You'll need to copy two particular images into your own directory for this exercise, \$dd/signal/v585_clean.fit and \$dd/signal/dark30.fit.

Exercise:

1. Display the v585_clean.fit image. Measure the position of the bright star at lower right, near row=230, col=360. (Don't forget to use propinit before you type tv for the first time)

2. Define a box which includes the star, and is 10 by 10 pixels in size: you can type
```
box 1 cr=xxx cc=yyy nr=10 nc=10
```
where you replace xxx by the row position of the star, and yyy by the column position of the star.

3. Add up all the counts inside this box:
```
abx v585_clean.fit box=1
```
Look at the "tot. adus" value for the total sum.

4. Now define a box of the same size which does NOT include this star, or any star.
```
box 2 cr=zzz cc=www nr=10 nc=10
```
where you choose the coordinates zzz and www to be the location of a blank region of the sky.

5. Add up all the counts inside this other box:
```
abx v585_clean.fit box=2
```
Call this the sky background. Assuming that each "count" represents one electron, compute the number sky electrons per pixel. Let's assume that it is the same in both boxes (is that a good assumption?).

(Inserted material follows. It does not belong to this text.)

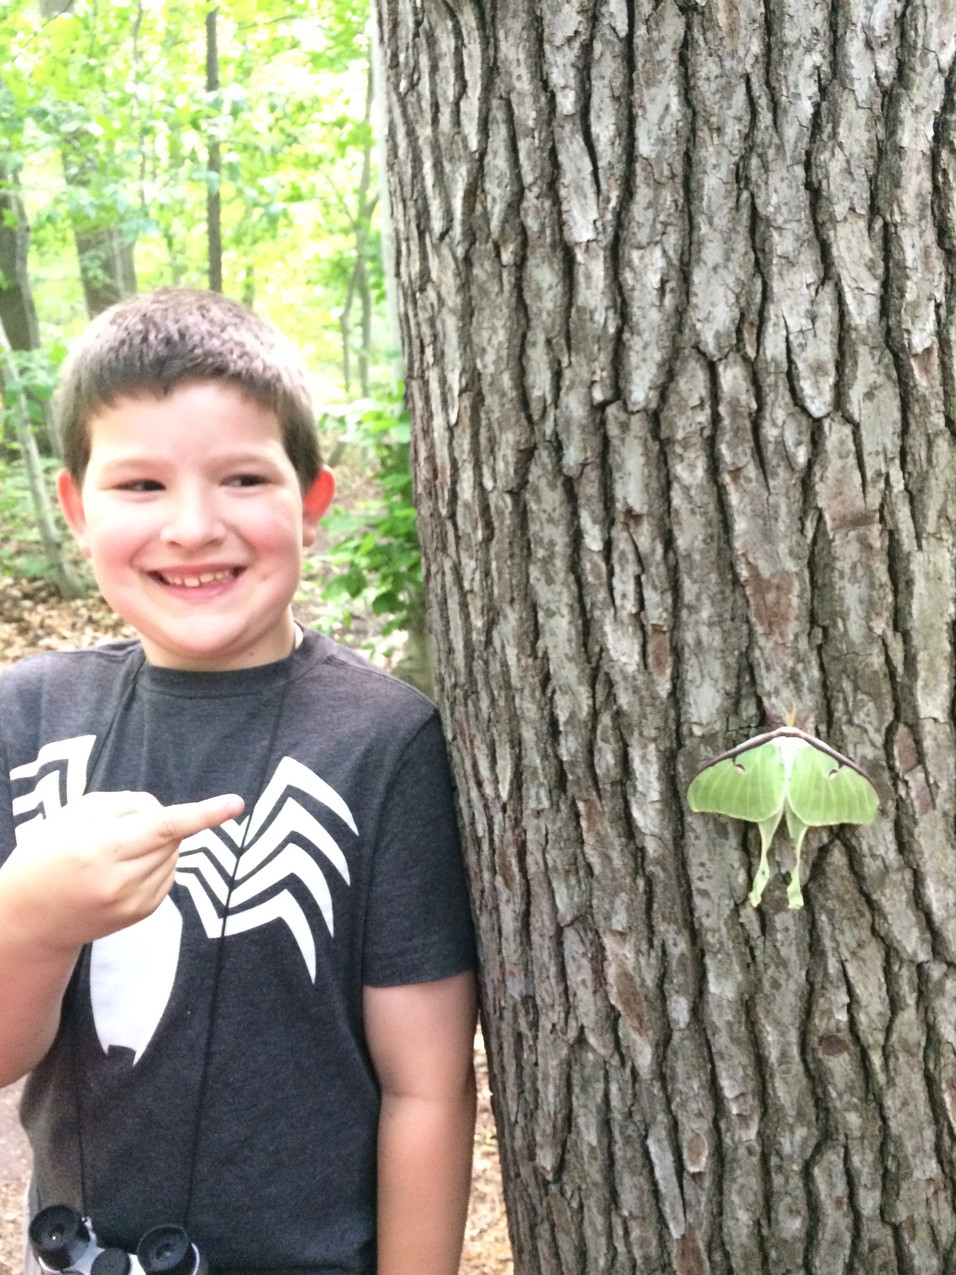 Luke and the Luna Moth

6. Calculate the signal from the star inside the first box. Again, assume that each "count" represents one electron.

7. Add up all the counts due to thermal motion inside the first box.
```
abx dark30.fit box=1
```
Compute the number of electrons due to thermal motions per pixel.

8. This image is binned 3x3 from the original larger image. The readout noise of 15 electrons per (normal) pixel thus corresponds to 45 electrons per (binned) pixel. You can use R = 45 electrons per pixel for the readout noise.

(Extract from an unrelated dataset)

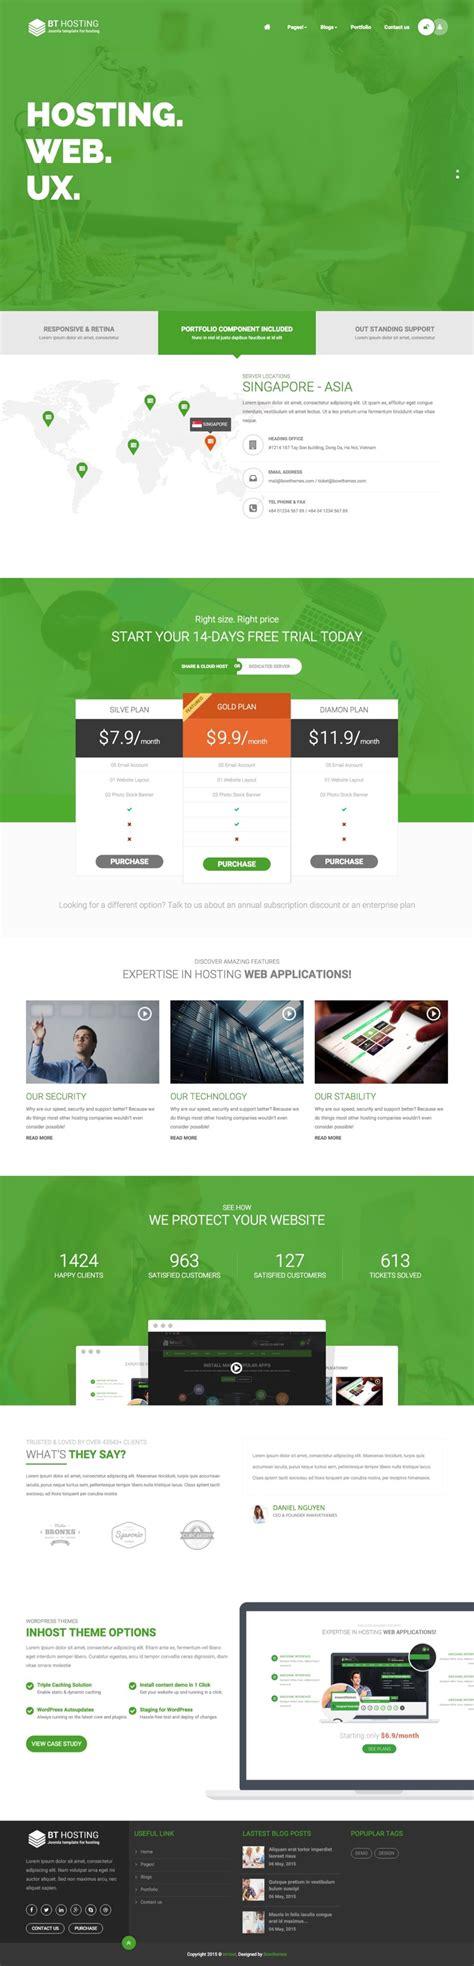 joomla hosting templates bt hosting joomla template for web host business service

9. Calculate the noise inside the first box. Please write down all these terms explicitly, before adding them together. What is the value of npix in this calculation?
```
noise  =  sqrt [ N(star)  +  N(sky + thermal per pix)*npix  +  (R*R)*npix  ]
```

10. Which of the noise terms is/are dominant? Which is/are negligible?

11. Calculate the signal-to-noise ratio.

12. Estimate the uncertainty, in magnitudes, of a magnitude measurement of the star from this image.

You can see the actual scatter in magnitude measurements of this star by looking at this page describing V585 Lyr observations from Sep 20, 2003. The bright star you chose is the one marked "A" in the chart. Its scatter is indicated by the second dot from the left in the sigma-vs-mag diagram. You can see closeups of the magnitude measurements ...

It is not uncommon for the measured scatter of a star, based on a series of measurements, to be somewhat larger than the estimate based on pure statistical grounds.